For people with disabilities to have the opportunity for healthy lives, both physically and emotionally, programs and facilities that offer wellness and treatment services must be fully accessible. Effective enforcement of the Americans with Disabilities Act can improve services for people with disabilities and help prevent secondary disabilities.[5]

It has been 20 years since the passage of the ADA and 10 years since the above recommendation was made. More progress is needed to make exercise facilities usable by people with disabilities. It is time for the Department of Justice to issue regulations specifically requiring accessible exercise equipment so that millions of people with disabilities can engage in important health activities at an equivalent rate as the general population. Exercise in people with disabilities can help minimize reliance on other people to assist with activities of daily living, reduce health care costs associated with sedentary behavior, protect from secondary health conditions such as pain, fatigue, depression and weight gain (all of which exist at significantly higher rates among people with disabilities), and improve overall quality of life.[6]

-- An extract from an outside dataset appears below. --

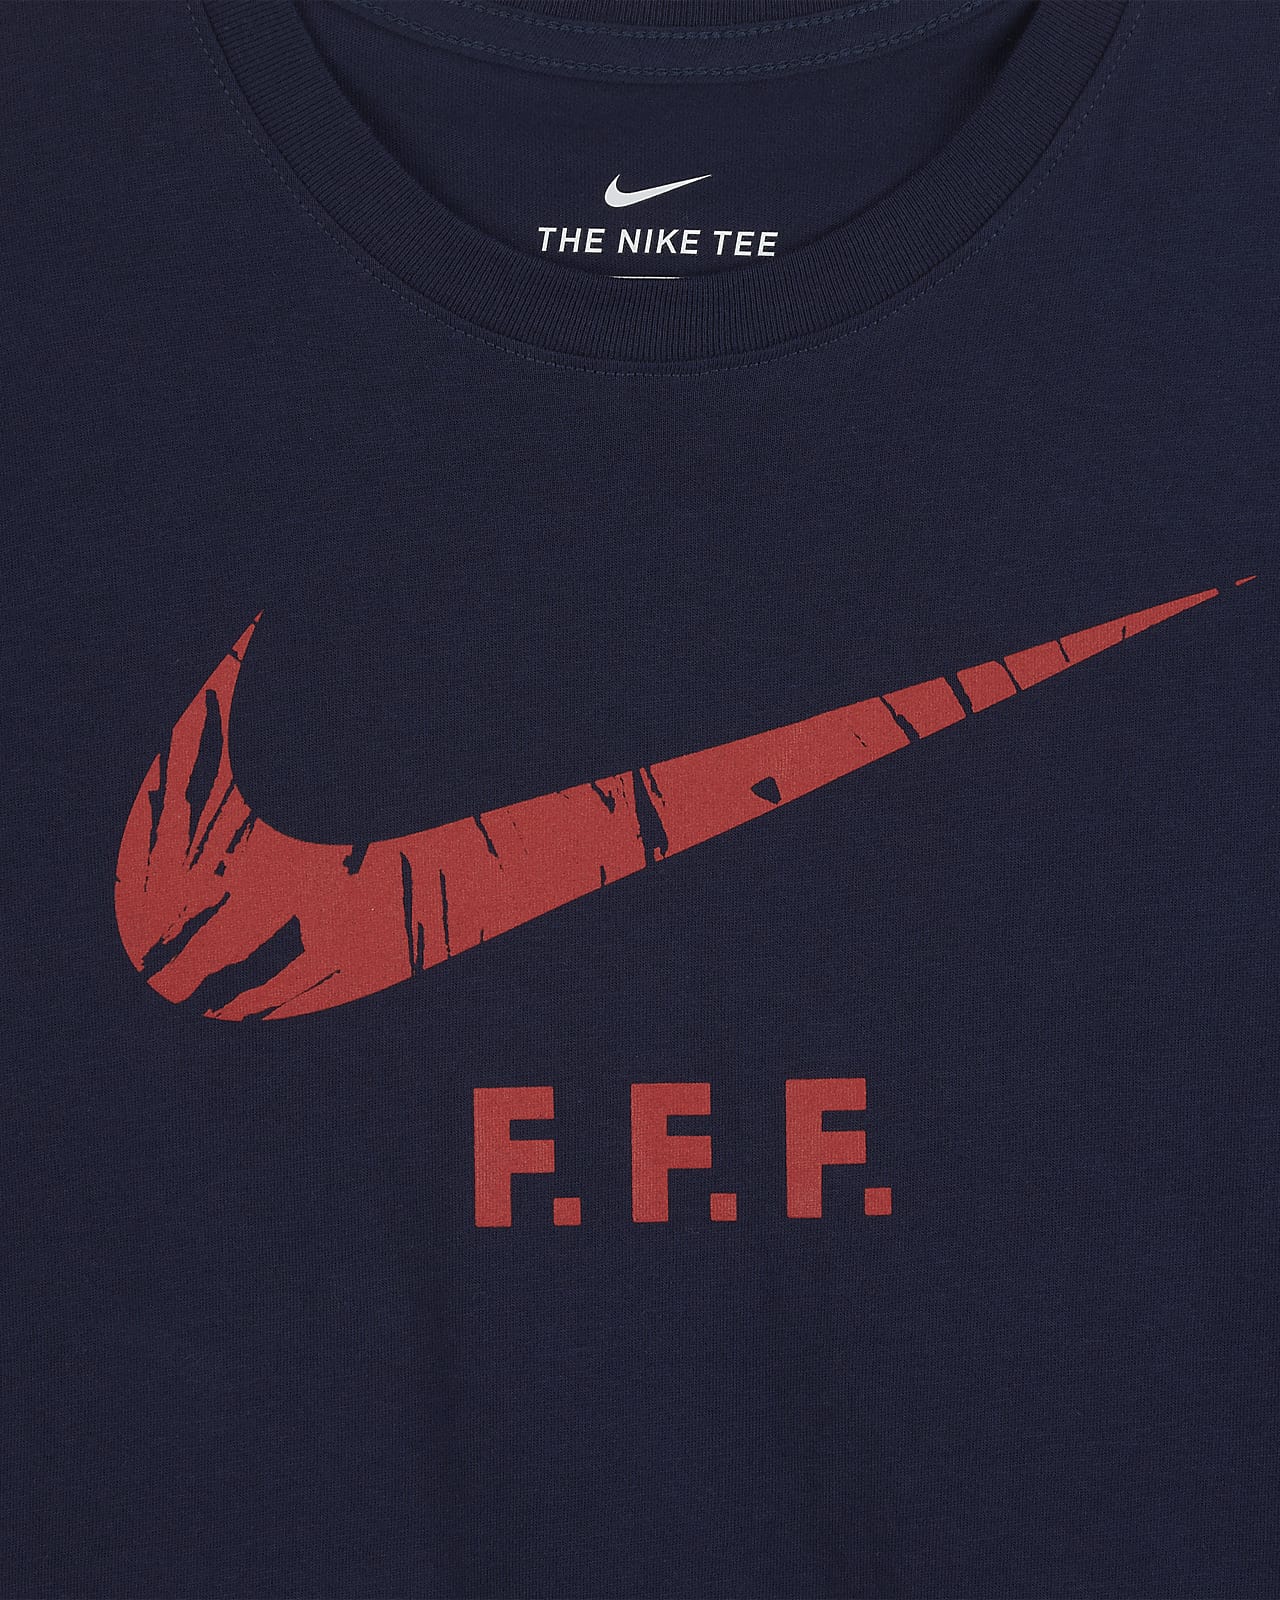 Каре найк. Nike FFF. ЗИП Nike FFF. Nike t Shirt. Футболка найк FFF.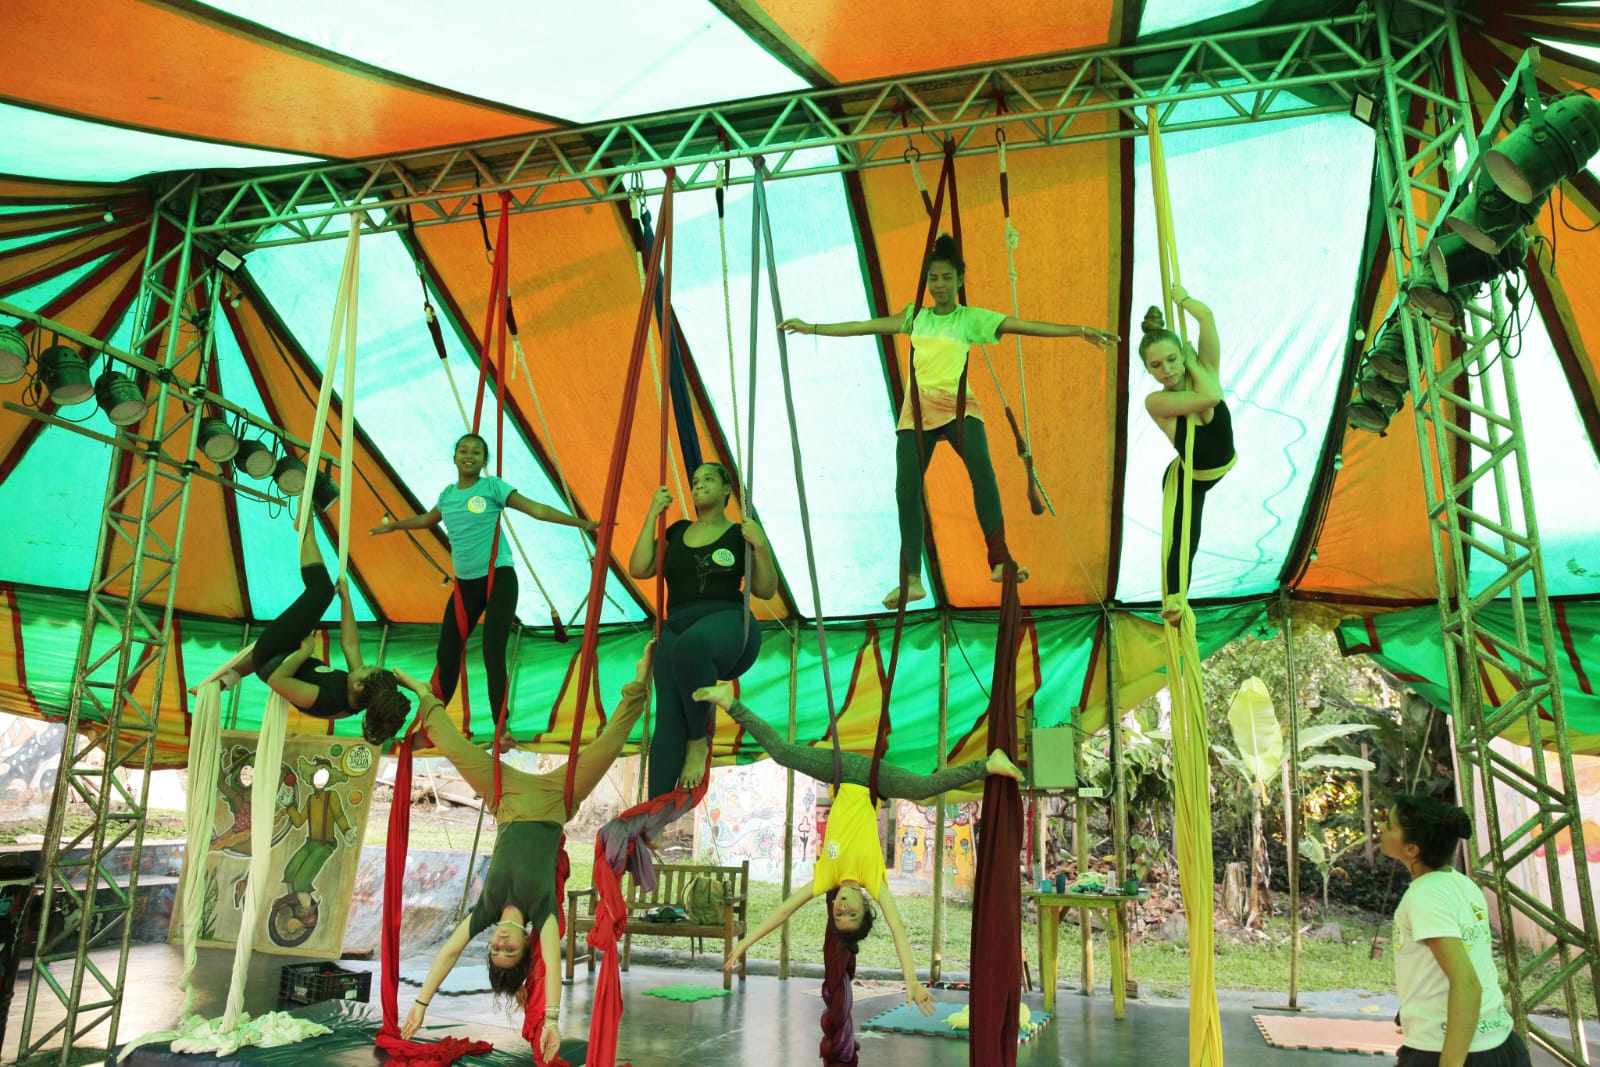 Circo da Lua guarantees education, art, and fun in Serra Grande, Bahia

Every subject area in this ANPRM is of vital importance to the disability community across the United States. We urge the Department tomove ahead with eacharea of rulemaking independently as it is able, and notallow time delays in onearea to hold up rulemaking on the other issues raisedin this ANPRM, and in all ofthe ANPRMs issued by the Department in July 2010.


[1] The IHRSA Global Report 2009

[2] Data on the number of people with mobility impairments comes from the U.S. Census Bureau.

[3] Data on the number of people with vision impairments comes from the U.S. Census Bureau.

[4] Healthy People 2010: Objectives for Improving Health; Disability and Secondary Conditions, p. 6-3.

[5] Healthy People 2010: Objectives for Improving Health; Disability and Secondary Conditions, p. 6-20.

[6] Jim Rimmer, “The Conspicuous Absence of People With Disabilities in Public Fitness and Recreation Facilities: Lack of Interest of Lack of Access?”, The Science of Health Promotion, May/June 2005 and Healthy People 2010.